Description Mihai Donțu 2016-10-16 05:11:52 UTC
Created attachment 241791 [details]
4.9-rc1 dmesg

I'm getting this with 4.9-rc1:

[    3.750587] ------------[ cut here ]------------
[    3.750592] WARNING: CPU: 0 PID: 4 at drivers/gpu/drm/i915/intel_dp.c:1062 intel_dp_aux_transfer+0x1ed/0x230
[    3.750593] WARN_ON(!msg->buffer != !msg->size)
[    3.750593] Modules linked in:
[    3.750595] CPU: 0 PID: 4 Comm: kworker/0:0 Not tainted 4.9.0-rc1 #3
[    3.750596] Hardware name: Dell Inc. Latitude E7440/07F3F4, BIOS A18 04/28/2016
[    3.750599] Workqueue: events i915_hotplug_work_func
[    3.750601]  ffffba1bc18cbb30 ffffffff935817ca ffffba1bc18cbb80 0000000000000000
[    3.750602]  ffffba1bc18cbb70 ffffffff9314f5bb 00000426c7852940 ffffba1bc18cbc58
[    3.750603]  ffff95a7cc3d40e0 0000000000000003 00000000fffffffb 0000000000000000
[    3.750612] Call Trace:
[    3.750615]  [<ffffffff935817ca>] dump_stack+0x4d/0x63
[    3.750616]  [<ffffffff9314f5bb>] __warn+0xcb/0xf0
[    3.750617]  [<ffffffff9314f63f>] warn_slowpath_fmt+0x5f/0x80
[    3.750619]  [<ffffffff9379a16e>] ? intel_dp_aux_transfer+0xde/0x230
[    3.750620]  [<ffffffff9379a27d>] intel_dp_aux_transfer+0x1ed/0x230
[    3.750622]  [<ffffffff936b2e12>] drm_dp_dpcd_access+0x72/0x110
[    3.750624]  [<ffffffff936b2ecb>] drm_dp_dpcd_write+0x1b/0x20
[    3.750625]  [<ffffffff937957fb>] intel_dp_start_link_train+0x2cb/0x4c0
[    3.750626]  [<ffffffff93796db9>] intel_dp_check_link_status+0xd9/0x110
[    3.750627]  [<ffffffff9379b5ab>] intel_dp_long_pulse+0x40b/0xb10
[    3.750628]  [<ffffffff9379bd55>] intel_dp_detect+0xa5/0xb0
[    3.750629]  [<ffffffff9378455e>] i915_hotplug_work_func+0x1de/0x2b0
[    3.750631]  [<ffffffff93168f65>] process_one_work+0x1e5/0x470
[    3.750632]  [<ffffffff93169238>] worker_thread+0x48/0x4e0
[    3.750633]  [<ffffffff931691f0>] ? process_one_work+0x470/0x470
[    3.750634]  [<ffffffff9316f009>] kthread+0xd9/0xf0
[    3.750635]  [<ffffffff9316ef30>] ? kthread_park+0x60/0x60
[    3.750637]  [<ffffffff93f177c2>] ret_from_fork+0x22/0x30
[    3.750638] ---[ end trace 5d7bcc76a447def3 ]---
[    3.751373] ------------[ cut here ]------------

There's a visual effect too (see screenshot).
Comment 1 Mihai Donțu 2016-10-16 05:13:02 UTC
Created attachment 241801 [details]
4.9-rc1 konsole screenshot
Comment 3 The Linux kernel's regression tracker (Thorsten Leemhuis) 2016-10-30 11:34:50 UTC
JFYI: I added this report to the list of regressions for Linux 4.9. I'll watch this thread for further updates on this issue to document progress in my weekly reports. Please let me know via regressions@leemhuis.info in case the discussion moves to a different place (bugzilla or another mail thread for example). tia!
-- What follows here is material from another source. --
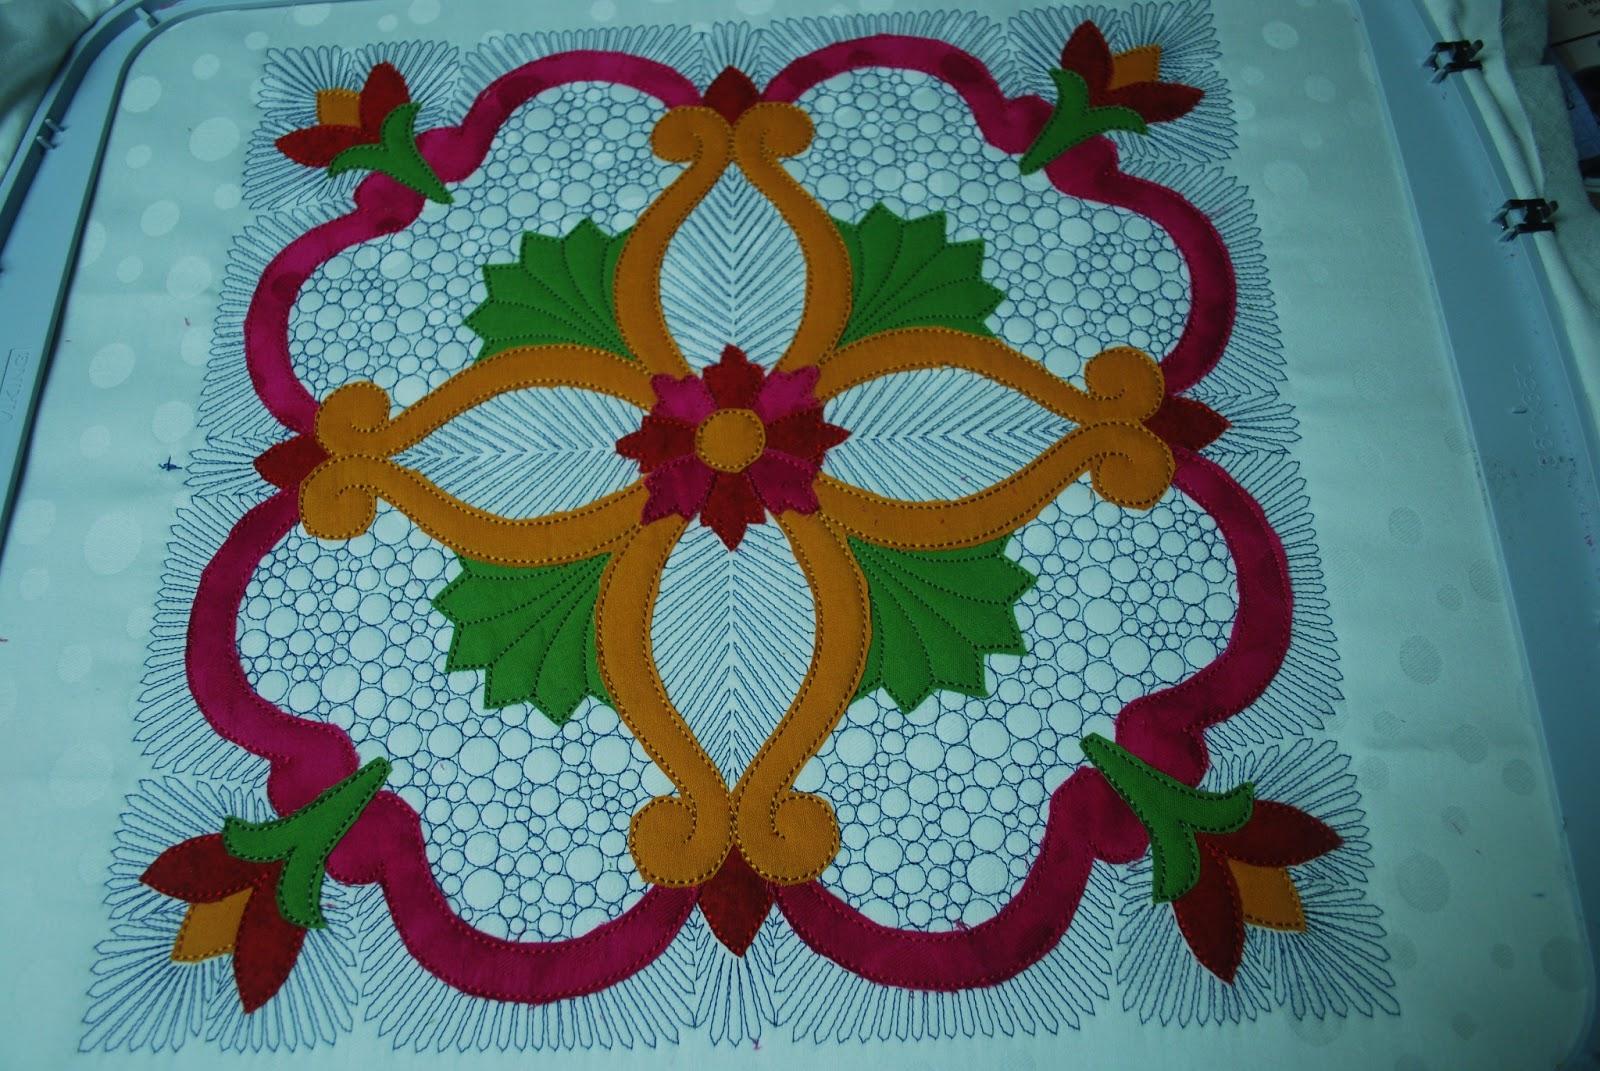 Seecherylsew Husqvarna Viking Embroidery Applique Design
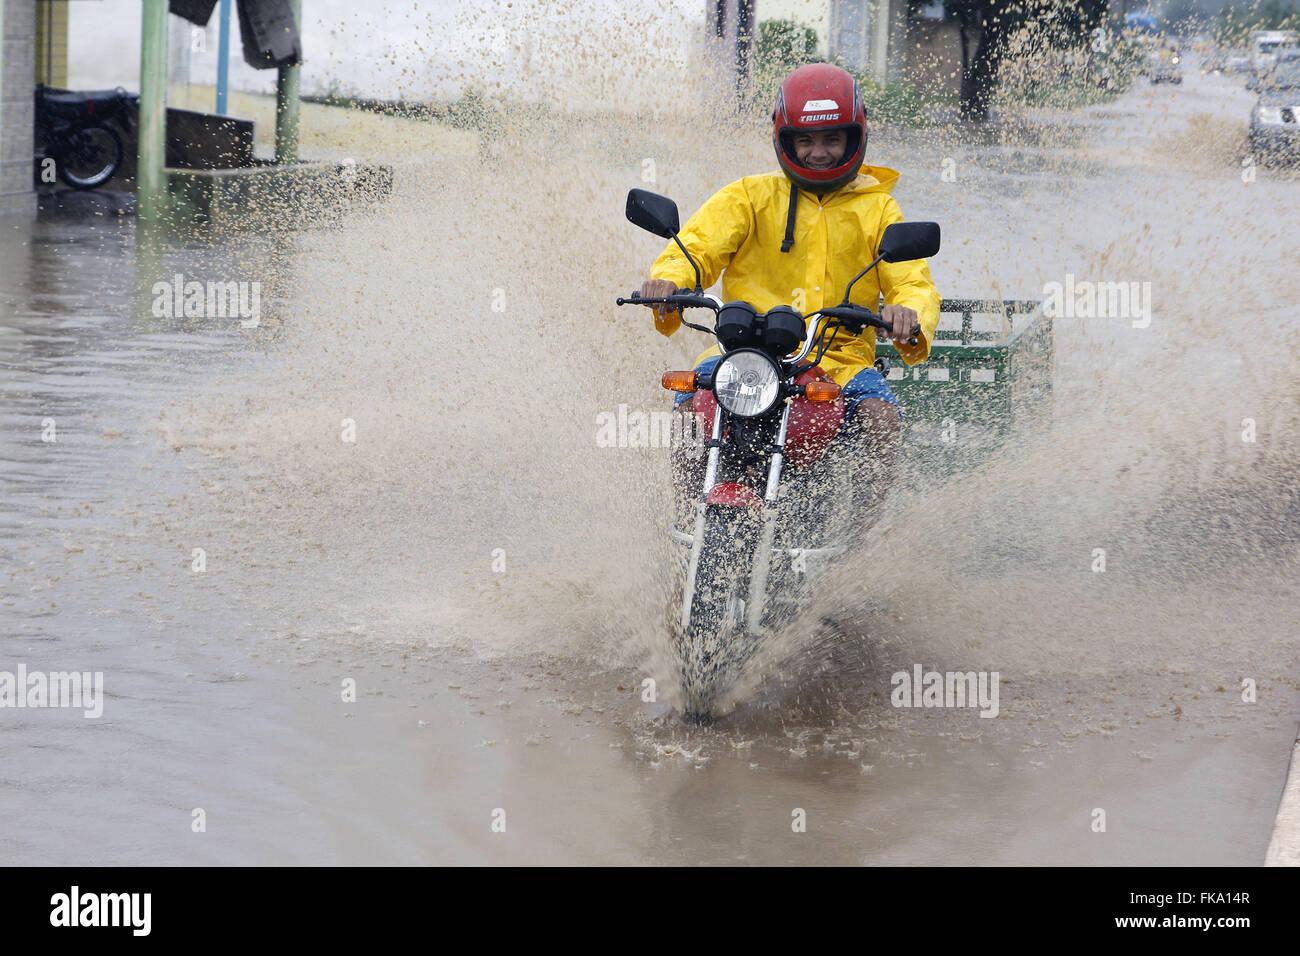 Biker traveling at street runoff during storm - Stock Image

Jani: what's the status here: The patches in the linked bug report seem to be a few weeks old already and there doesn't seem to be any progress.

Ciao, Thorsten
Comment 4 Martin Steigerwald 2016-11-06 17:52:49 UTC

mentioned in the other bug report and the following LKML thread does not fix the issue for me:

Re: [REGRESSION] Linux 4.9-rc4: gfx glitches on Intel Sandybridge (was: Re: Linux 4.9-rc4)

Comment 5 Jani Nikula 2016-11-07 16:48:02 UTC
This bug conflates *two* issues: the WARNING in comment #0 and the display corruption in comment #1. They are most likely unrelated.

This bug is about the warning, per both the bug title and first description being solely about it. The warning is a dupe of https://bugs.freedesktop.org/show_bug.cgi?id=97344.

This bug is CLOSED MOVED. Track the warning at the fdo bug.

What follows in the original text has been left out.